The judge permitted searches of Star Tribune computers and suspended a former Pioneer Press exec from a new Star Tribune job.
A Ramsey County district judge Friday granted a request from the St. Paul Pioneer Press allowing the newspaper to search at least a dozen computers owned or used by Star Tribune employees amid concerns that the Minneapolis paper obtained its main competitor's confidential advertising information.
Judge David Higgs also granted a Pioneer Press request that the Star Tribune's director of niche publications, Jennifer Parratt, be temporarily suspended from her job. Parratt, who was hired away from the Pioneer Press, started with the Star Tribune on Tuesday.
The St. Paul paper has alleged that Parratt broke a noncompete agreement when she took the new post at the Star Tribune and now poses an unfair threat to the Pioneer Press' advertising business.
Parratt was hired by Par Ridder, publisher of the Star Tribune since March 5 and former publisher at the Pioneer Press.
The Star Tribune has maintained that it has taken steps to identify and sequester or remove Pioneer Press information from the Star Tribune since March 29, the day that Ridder received a letter from Pioneer Press attorney Dominic Cecere accusing him of carrying St. Paul's confidential information to Minneapolis on his Pioneer Press laptop computer.
"We understand the judge's decision to preserve the status quo until all the evidence can be gathered and heard, and we will fully comply with the order," Star Tribune spokesman Ben Taylor said in a prepared statement. "We're anxious to get a full hearing on the merits and look forward to presenting our case as soon as possible."
The Star Tribune has 48 hours to turn over the computers, which will be searched for any Pioneer Press information. Parratt, who was at work Friday morning, left the building when the order was issued. She had no comment when reached at home Friday afternoon.
"It's not unusual for her to be put on the bench for a period of time while they're sorting things out," said Stacey DeKalb, a partner at Lommen Abdo in Minneapolis who has handled similar cases but is not involved in this one.
The order also asks the Star Tribune to turn over all Pioneer Press paper files, including the noncompete agreements for Ridder and Parratt.
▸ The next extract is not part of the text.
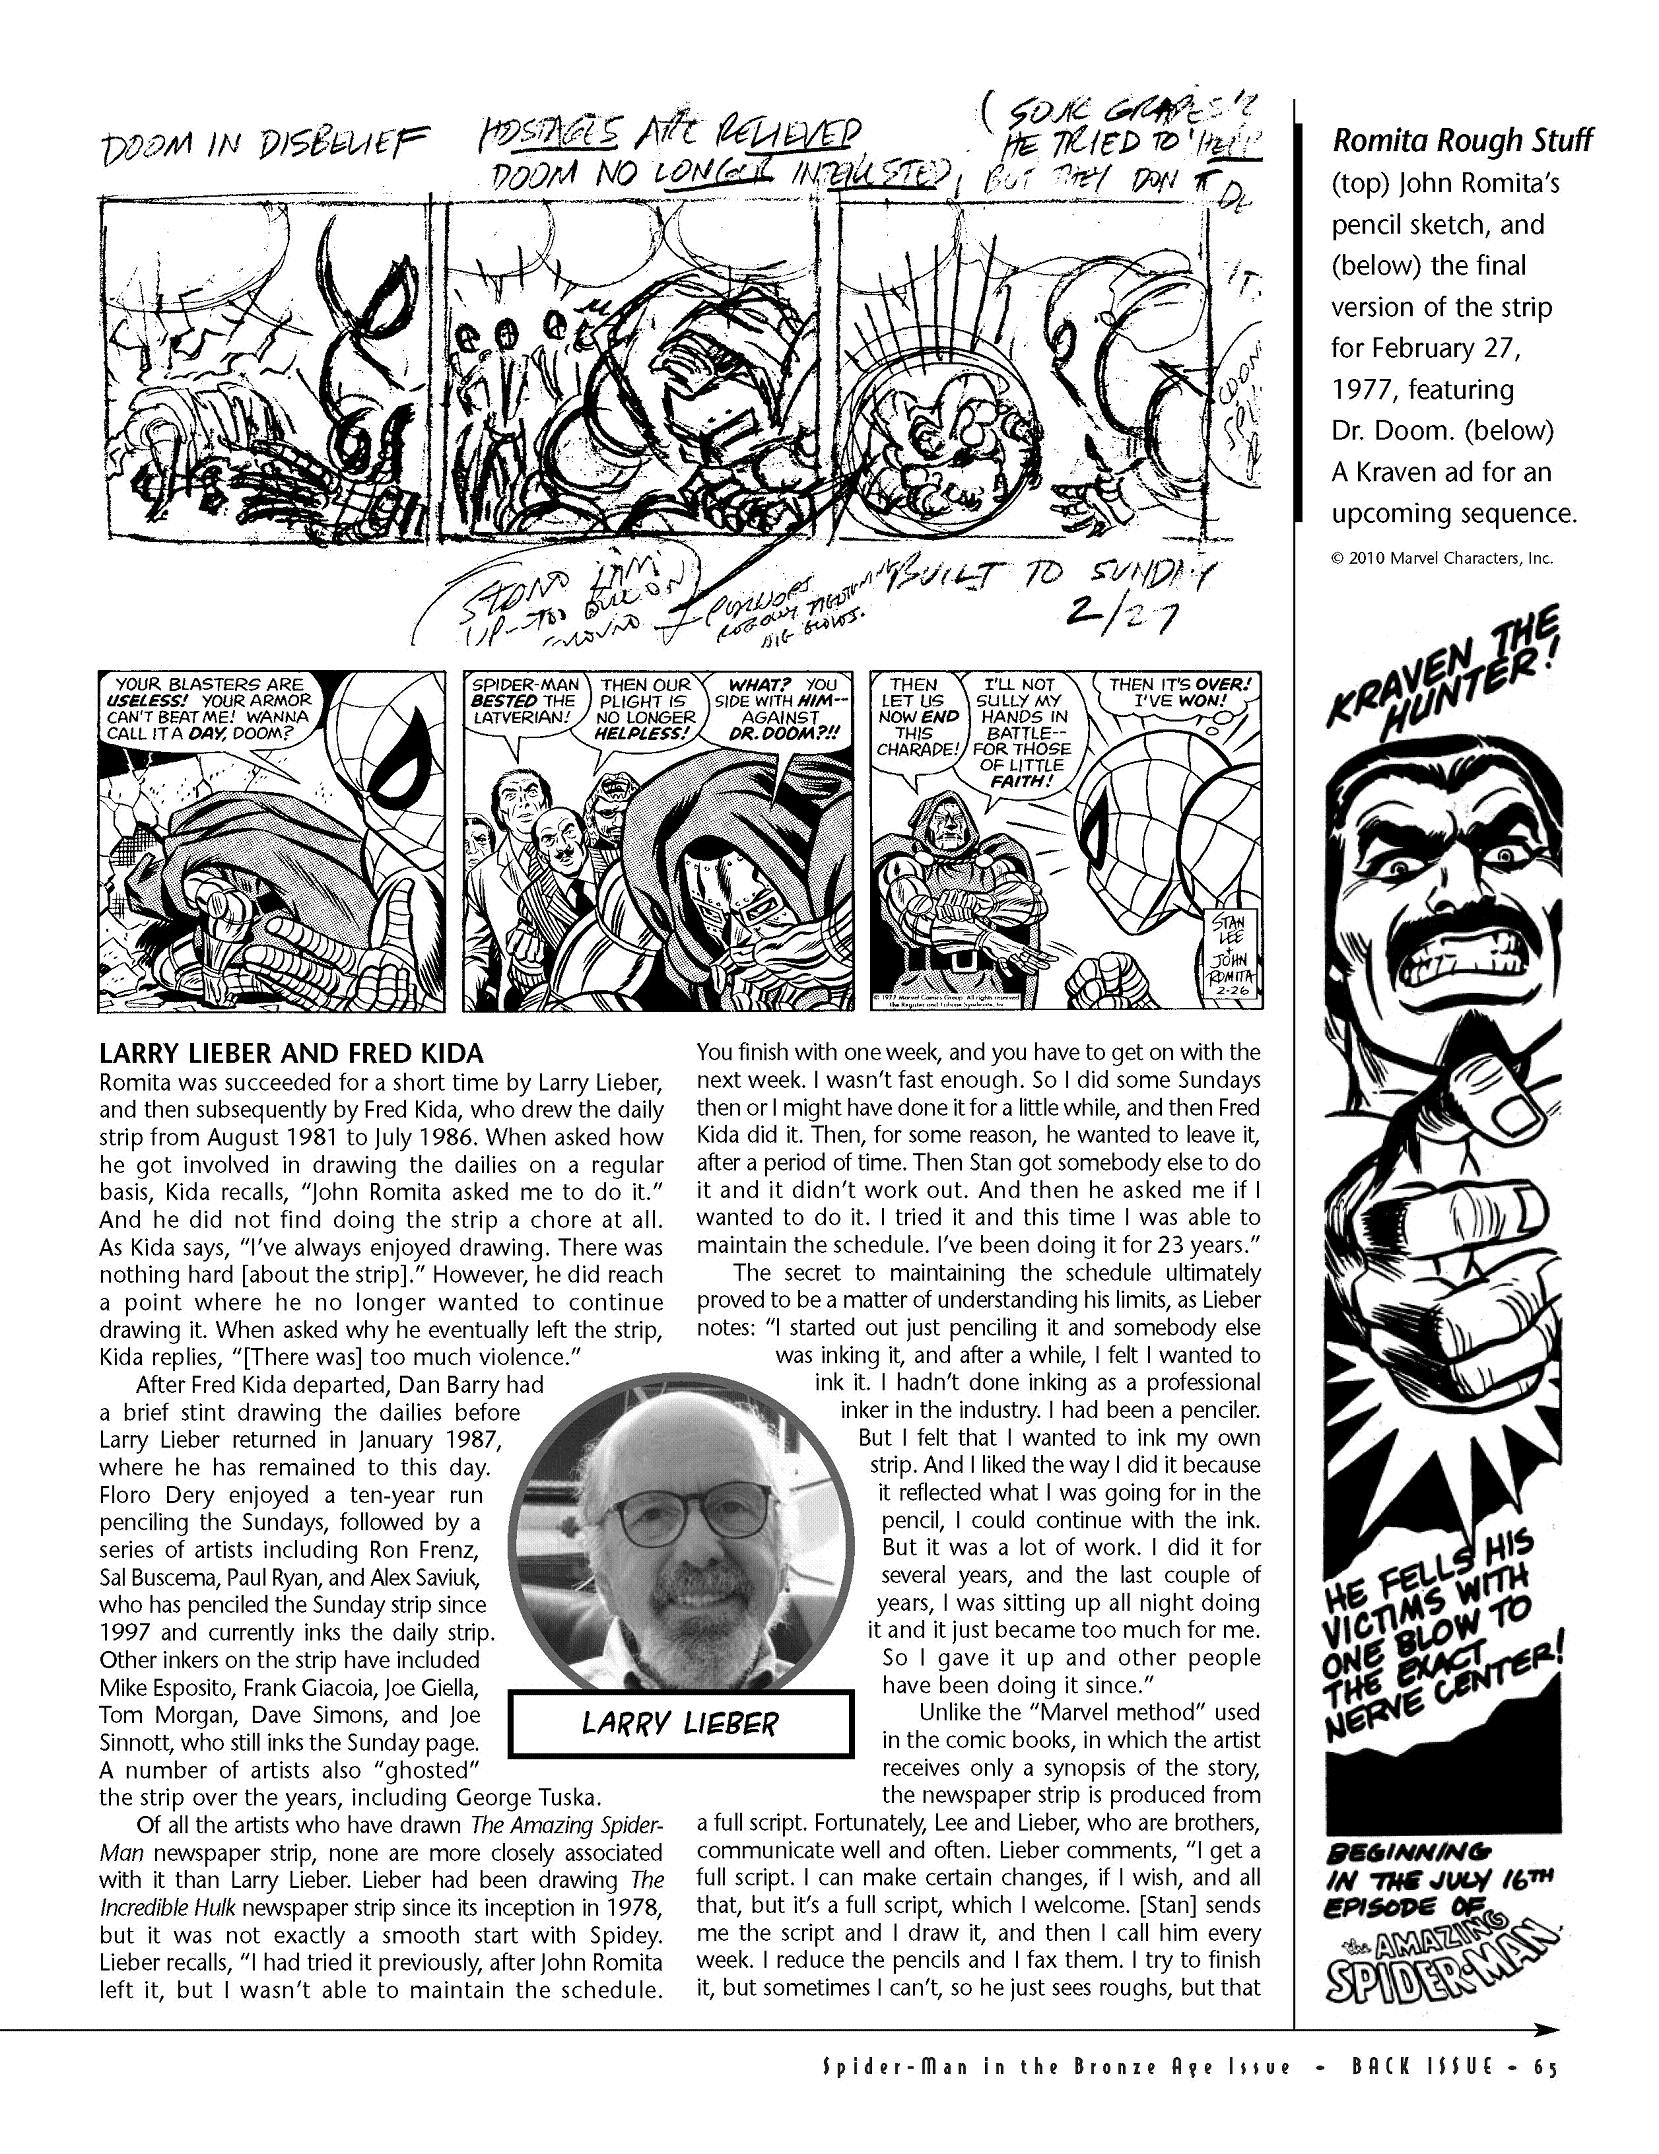 Read online Back Issue comic -  Issue #44 - 66

The lawsuit accuses Ridder of taking the agreements with him when he left St. Paul.
The ruling allows the Pioneer Press' computer expert, Mark Lanterman of Computer Forensic Services of Minnetonka, to begin searching the computers for Pioneer Press data. The items to be searched include an external hard drive Ridder used at the Pioneer Press, Ridder's three Star Tribune laptop computers and his home computer; the work computers of Michael Riggs, senior vice president and chief financial officer, Michael LaBonia, senior vice president of sales and strategic development, and Jon Ochetti, planning and analyst director.
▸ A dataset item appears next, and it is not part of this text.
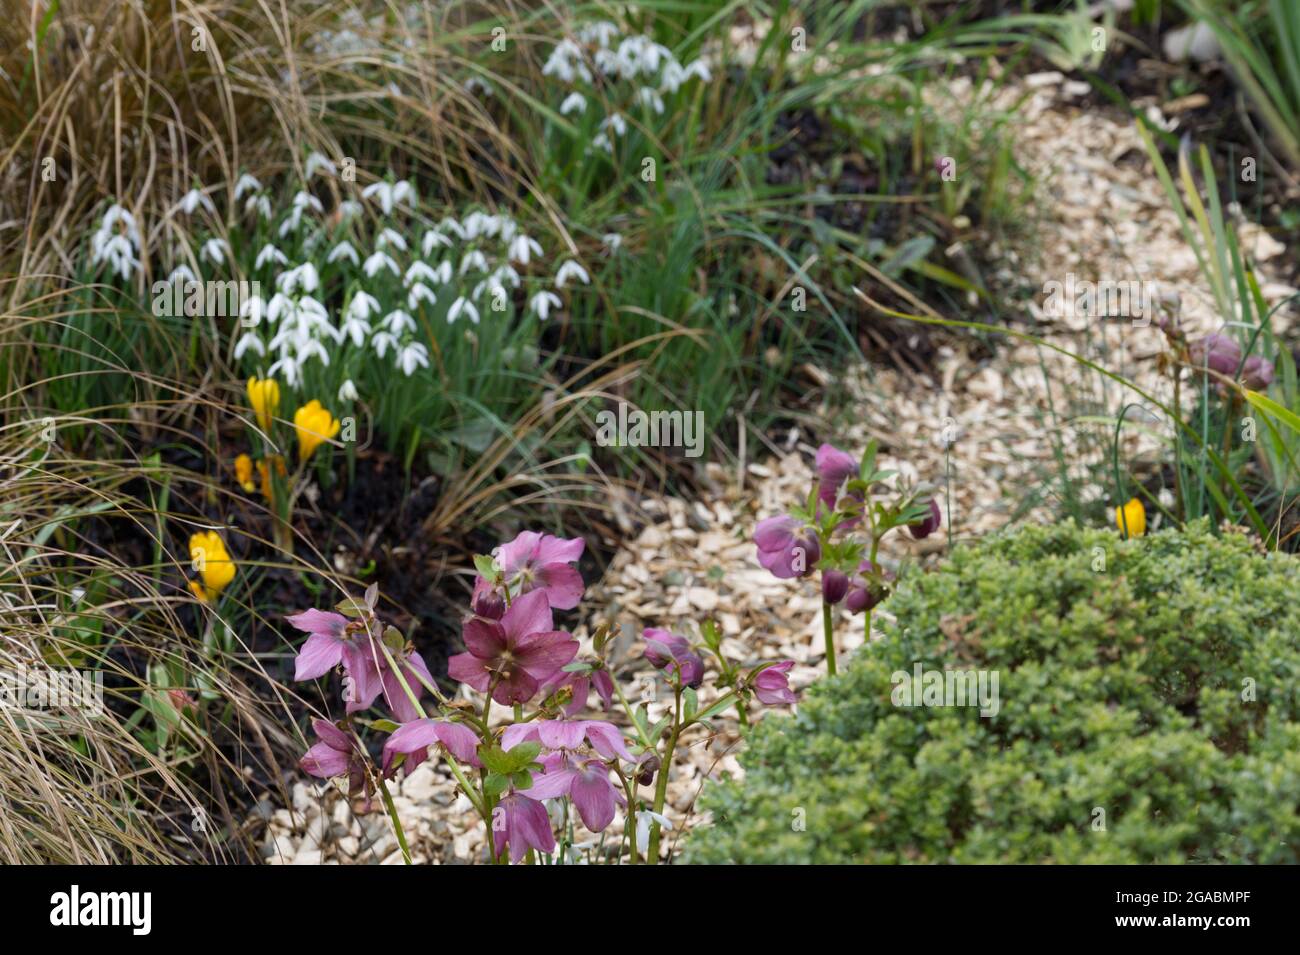 Winter flowers, crocus snowdrops and pink hellebore in a garden setting February UK Stock Photo

Parratt's home computer and the home computer of Kevin Desmond, now Star Tribune senior vice president of operations who was hired away from a similar position at the Pioneer Press, also will be searched.
Also to be searched are a Star Tribune USB drive; a home computer of unknown ownership to which two e-mails were sent from the Star Tribune, and the Star Tribune servers where the data resides, according to the judge's ruling. The computers will be returned after their hard drives are copied.
Friday's ruling was the judge's answer to a request from the St. Paul paper for a temporary restraining order, which is meant to stop the things that the Pioneer Press considers the most harmful.
Lawyers for both sides will now begin interviewing witnesses and gathering evidence for a temporary injunction hearing that the judge scheduled for June 18. Both sides have agreed to expedited discovery, meaning that they will have to accomplish in a few weeks what might normally take six to eight months, said Christopher Harristhal, a partner at the Larkin Hoffman law firm in Bloomington who is not involved in the case.
Harristhal said the judge will also expect more from the Pioneer Press in the temporary injunction hearing because there will have been time to gather evidence and take depositions of the people involved. The injunction hearing may include oral testimony from people named in the lawsuit, if the case goes that far.
The stakes are high, Harristhal said.
"My prediction is that this case will settle before that hearing," he said.